Давным-давно, по священным камням Европы, «в терновом венце революций», гулял 1848 год. И именно тогда, в городе Париже, родился Вильфредо Фредерико Дамасо Парето. Папа его работал лигурийским маркизом. Правда, маркизом республиканских взглядов, в результате коих и был вынужден перебраться из Сардинского королевства в более либеральную монархию Луи-Филиппа I. Так что и по месту рождения, и с молоком матери-француженки (вряд ли беглым маркизам хватало на кормилиц) он приобщился сразу к двум романским культурам — италиков и галлов, к наследию и Галилея, и Декарта.
Традиции древних цивилизаций. Научный метод. Рационализм. Математика. Всё это определило судьбу Вильфредо Парето, и личную, и, что куда более интересно, научную.
После возвращения в 1858 году в Италию Вильфредо повезло: он параллельно получал и классическое, и естественнонаучное образование. Диссертацию после завершения Политехнического университета в Турине защитил на тему «Основные принципы устойчивости твёрдых тел». Ключевым тут было слово «устойчивость». Именно она в немалой степени привлекала внимание Парето. (Да и в современной технологической цивилизации устойчивости отводится крайне важная роль – вспомним применения устойчивости по Ляпунову, вспомним алгоритмы бортовых компьютеров, превращающие неустойчивые планеры в манёвренные боевые машины…)
Карьера Парето складывалась вполне устойчиво. Сначала он трудился инженером в государственной компании железных дорог Итальянского королевства. Потом его переманил частный металлургический бизнес. Ну а с 1886 года он начинает преподавать в университете Флоренции экономику и управление. Тогда же начинает баловаться и политикой.
И экономические, и политические взгляды Парето были поначалу в высшей степени либеральными. Насмотревшись и на нравы государственных железных дорог, и на нравы чиновников, регулировавших деятельность металлургов, Вильфредо даже в большей степени, нежели его учителя, либералы английские, отвергает любое вмешательство государства в функционирование свободного рынка. Понять, почему он пришёл к таким выводам, легко. Давайте-ка вспомним, каким словом и из какого языка, обзывают и ныне, в двадцать первом веке, соборную общность отечественных казнокрадов? Правильно! Слово это именно итальянское, и звучит оно как «мафия». Да и унаследованные от папы традиции сказывались.
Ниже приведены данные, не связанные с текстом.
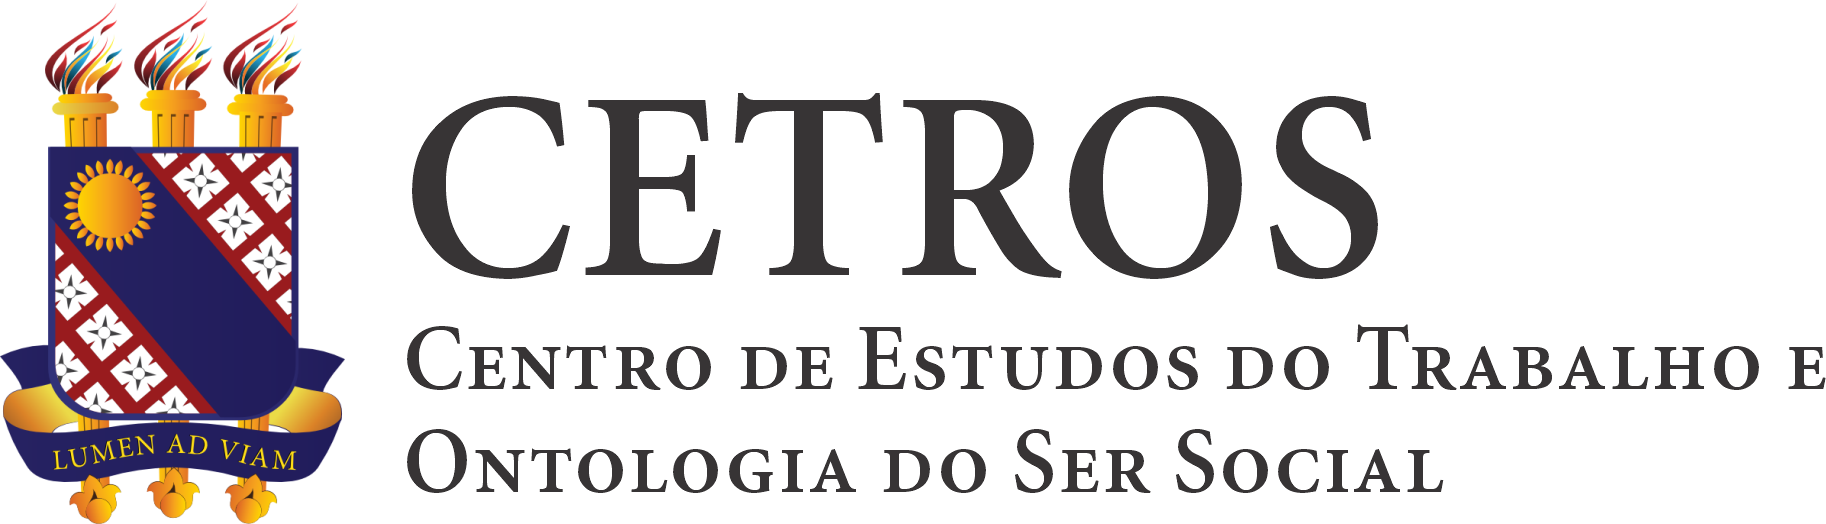 Logo Cetros

Но вот успешной политическая деятельность Парето отнюдь не была. Неважно приживался либерализм в прекрасной Флоренции. Парето утешался тем, что переводил древних авторов, повествовавших о доблестях мужей давних времён. В 1889 году, похоронив родителей, Парето уходит с работы и женится на россиянке, Александре Бакуниной. То, что она наставила ему рога с молодым служащим, позволяет Вильфредо сосредоточиться на научной работе.
С 1893 года Парето начинает преподавать политическую экономию в университете Лозанны, Швейцария. Эту должность он будет занимать три десятилетия, до конца жизни. И именно там он создаёт прославившие его работы. Его курсы социологии, обзоры социалистических систем написаны человеком с немалым опытом практической деятельности в тогдашнем хайтеке, чьё мышление отточено математическим образованием.
Наверное, самым важным из наследия Парето является понятие парето-оптимума. Парето-оптимум — это такое состояние системы, когда любое изменение хотя бы одного параметра системы ухудшает хотя бы один из критериев, по которым состояние системы оценивается. Академик Никита Николаевич Моисеев когда-то рассказывал молодым инженерам «девятки» о парето-оптимуме на примере проектирования боевого самолёта (в войну он был инженером авиаполка). Скажем, увеличение мощности двигателей повышает и их вес и расход топлива, что или утяжелит машину, съев выигрыш в тяге, или снизит дальность и полезную нагрузку.
Увеличение количества огневых точек несколько повысит шансы бомбардировщика на выживание при встрече с истребителем (Никите Николаевичу приходилось летать за воздушного стрелка на штурмовике Ил-2, самом опасном для экипажа самолёте…), но перетяжелит машину, ухудшит аэродинамику… И так во всём. Проектировщик обязан привести создаваемую им машину в область достижимого на данном уровне технологий и стоимостных ограничениях парето-оптимума. Именно тогда такая система будет наиболее эффективной.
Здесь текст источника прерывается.